すべてを捧げてすべてが無駄になったとき――。その両親がどんな気分だったのか、それはオレの想像の範疇を超えていた。
「それを聞いて俺はあの日のことを思い出してみたんだ」
吉祥はオレンジ色の空を眺めた。雲の数を数えているだとか、飛行機の後を追っているだとか、そんなものではないことはすぐにわかる。

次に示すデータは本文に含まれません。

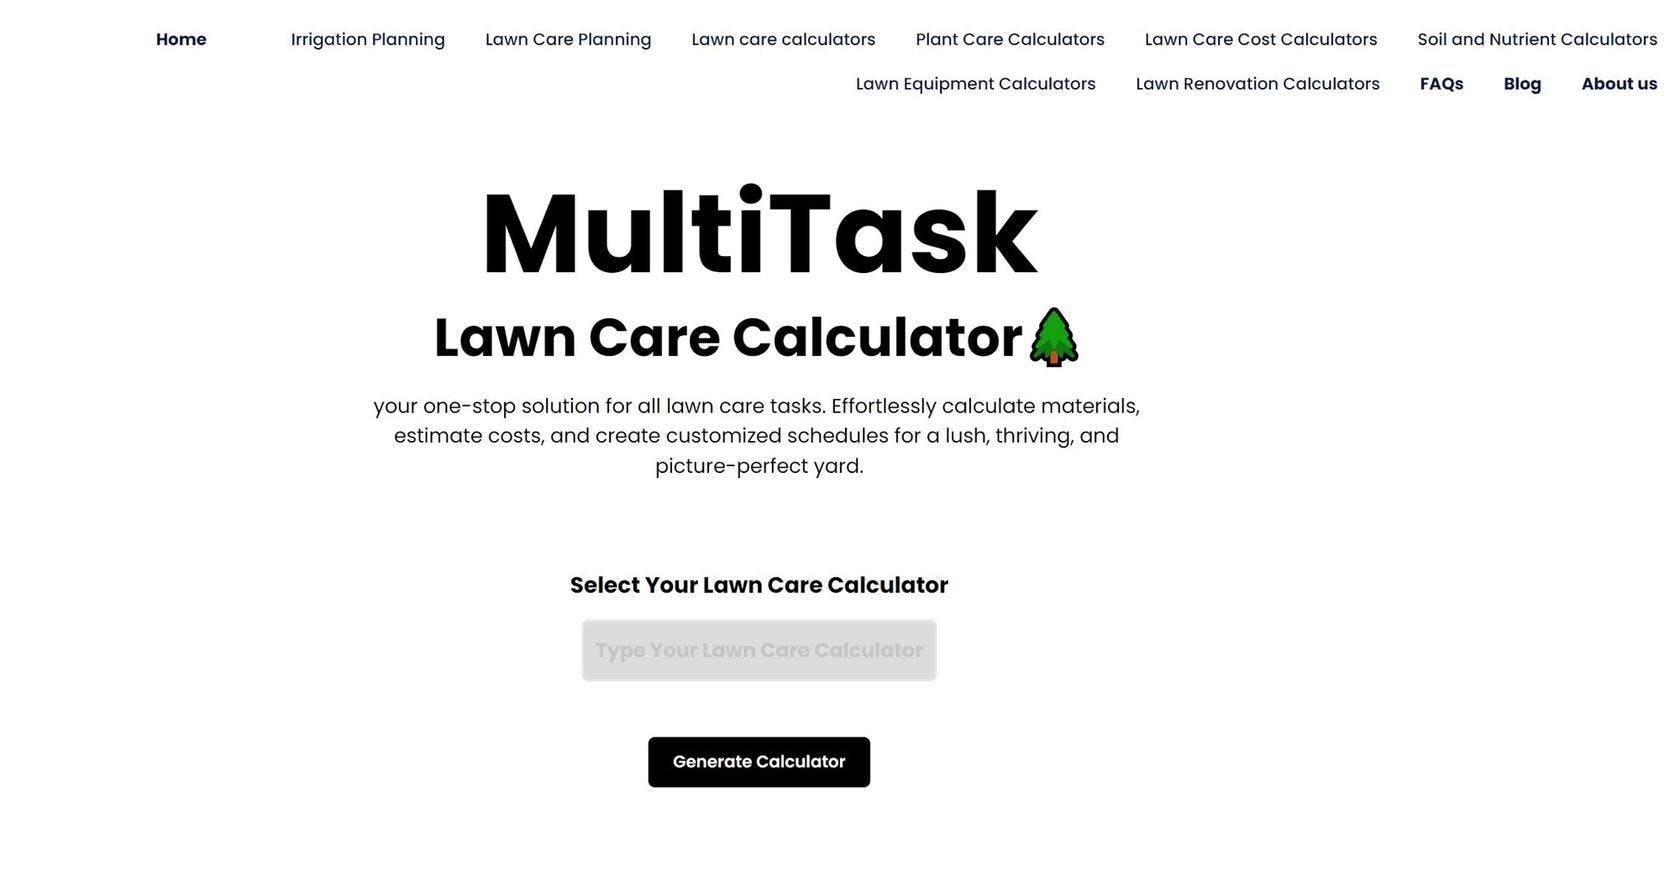 Lawn Care Calculator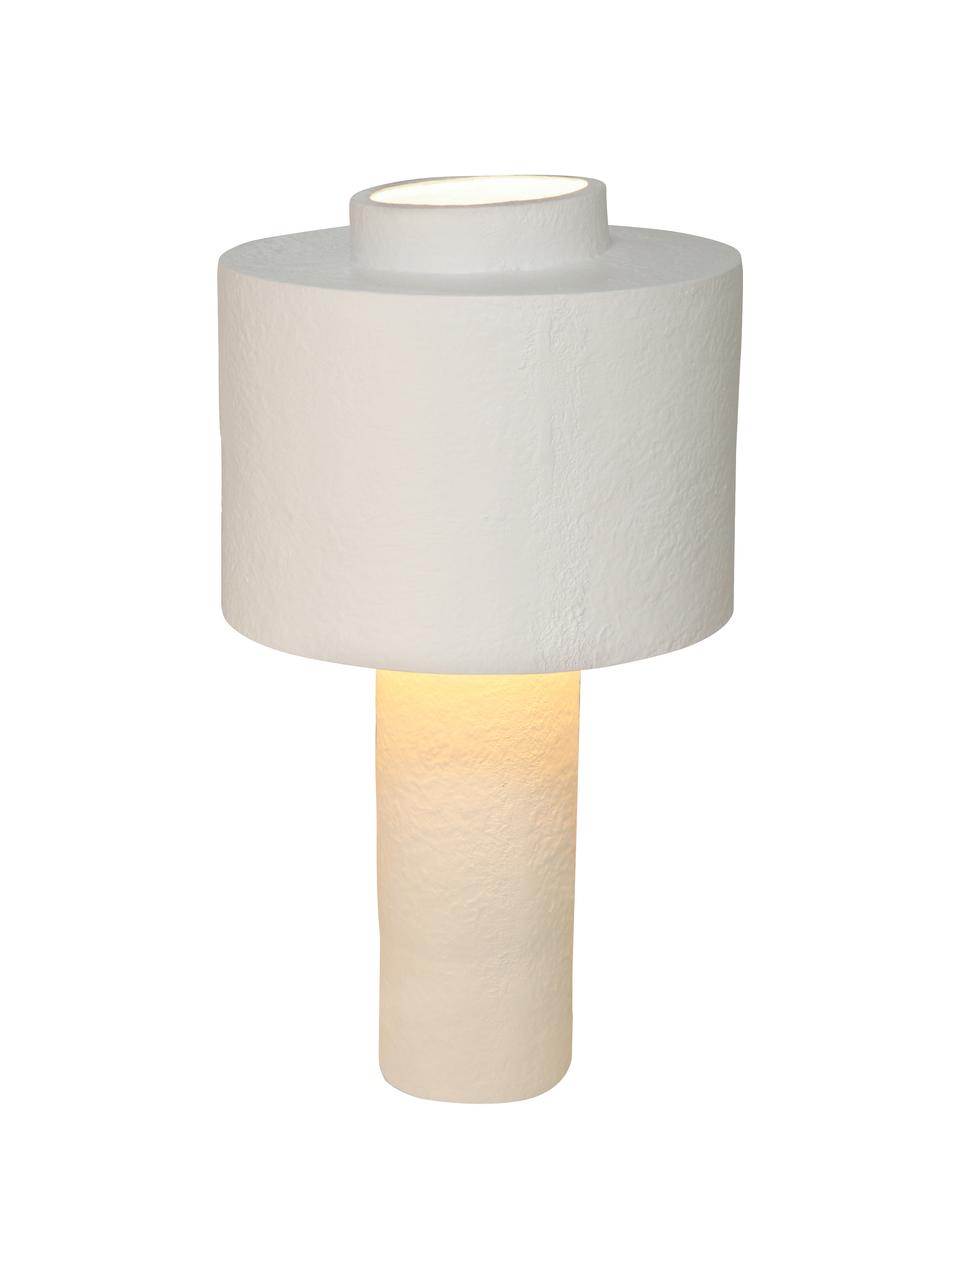 Dimmbare Tischlampe Gesso, Lampenschirm: Polyresin, Gesso, Lampenfuß: Polyresin, Gesso, Weiß, Ø 28 x H 51 cm

「本当は男の子を助けなかった方がよかったんじゃないかって」
「そんなこと……ないに決まってるだろ」
「あの日のことを思い出しているうちに気づいたことがあったんだ。トラックは、俺たちに当たるギリギリのところに止まってたんだ。つまり、俺が飛び出さなくても、子供が轢かれることはきっとなかったんだ」
「…………」
「俺が男の子を助けたいだなんて思うから、余計な正義感を持ったりするから、最悪の事態になったんじゃないかって思ってさ……。だったら、助けない方がよかったんだよ、きっと」
「……助けない方がよかったとか言うな」
オレは絞り出したような声で今の気持ちを不器用ながらも伝えていた。
「それは結果論だろ。本当に轢かれてその子が死んだらどうするんだ。結果的にオメーは人を救ったんだぞ。冗談でもそんなこと言うんじゃねー」
「けど、それが原因で俺は両親の人生まで狂わせたんだぞ」
「それも結果論だ。お前は何一つ悪くない。むしろ胸を張っていいんだよ!」
吉祥の目を見て言ったつもりだったのだが、すぐに目を逸らされてしまう。
オレは吉祥を覆う殻をぶち壊すために、さらに言葉をぶつけていった。
「オメーは正しいことをしたんだ。だから人助けを怖がる必要なんてない。……お前はお前の思う正しいことをすればいいんだよ」
「そう簡単に開き直れないよ……」
それでもこいつは、まだオレを見ようとしない。
釈然としねーヤツだな。
「顔を上げろ」
芯に刺さるように語気を強めた。
「ふん。まったく、ひでーツラしてやがる。こんなんなら、三か月前玄関でオレを助けてくれたときのお前の方が十倍マシだ」
「十倍って……そこまでなのかよ」
「それだけ今のお前は見ていられないってことだ」
吉祥が作り笑いで返事をする。
作ったものだったとしても、まだ笑える余裕があるだけマシだと思った。
少なくとも、オレにできる限りのことはしたつもりだった。
「吉祥君たちの方もそろそろ終わったかな?」
ちりとりに集めたゴミを袋の中に捨てていると、廊下の奥からひょっこりと黒髪ストレートの女が現れた。
「伊吹の方も終わったのか。さすが、手際がいいな」
「そんな、急に褒めないでよ……」
「まあ事実だし」
「それじゃそろそろ帰ろっか」
二人が和気あいあいとしている最中に、オレはゴミ袋の口をきゅっと締めた。
「なんつーか、マジでただのボランティアだよなーこれ」
「ボランティアでも大事な活動だよ。いいことをしても減るもんじゃないしね」
そーですかい。
「箒とちりとりは私が返してくるから、そっちはお願いするね」
「ああ、先に外で待ってるよ」
まるで付き合い立てのカップルのように、伊吹につられて吉祥も手を振る。
二人で残されたタイミングで、聞くともなしに聞いてみた。
「お前ら付き合ってんの」
「んなわけないだろう。1年からの付き合いなんだから、ある程度仲がいいだけだよ」
「やっぱり付き合ってはいるのな」
「お前さ、時々子供っぽいときあるよな」
高校生らしい軽口を叩きあっている――そんなときだった。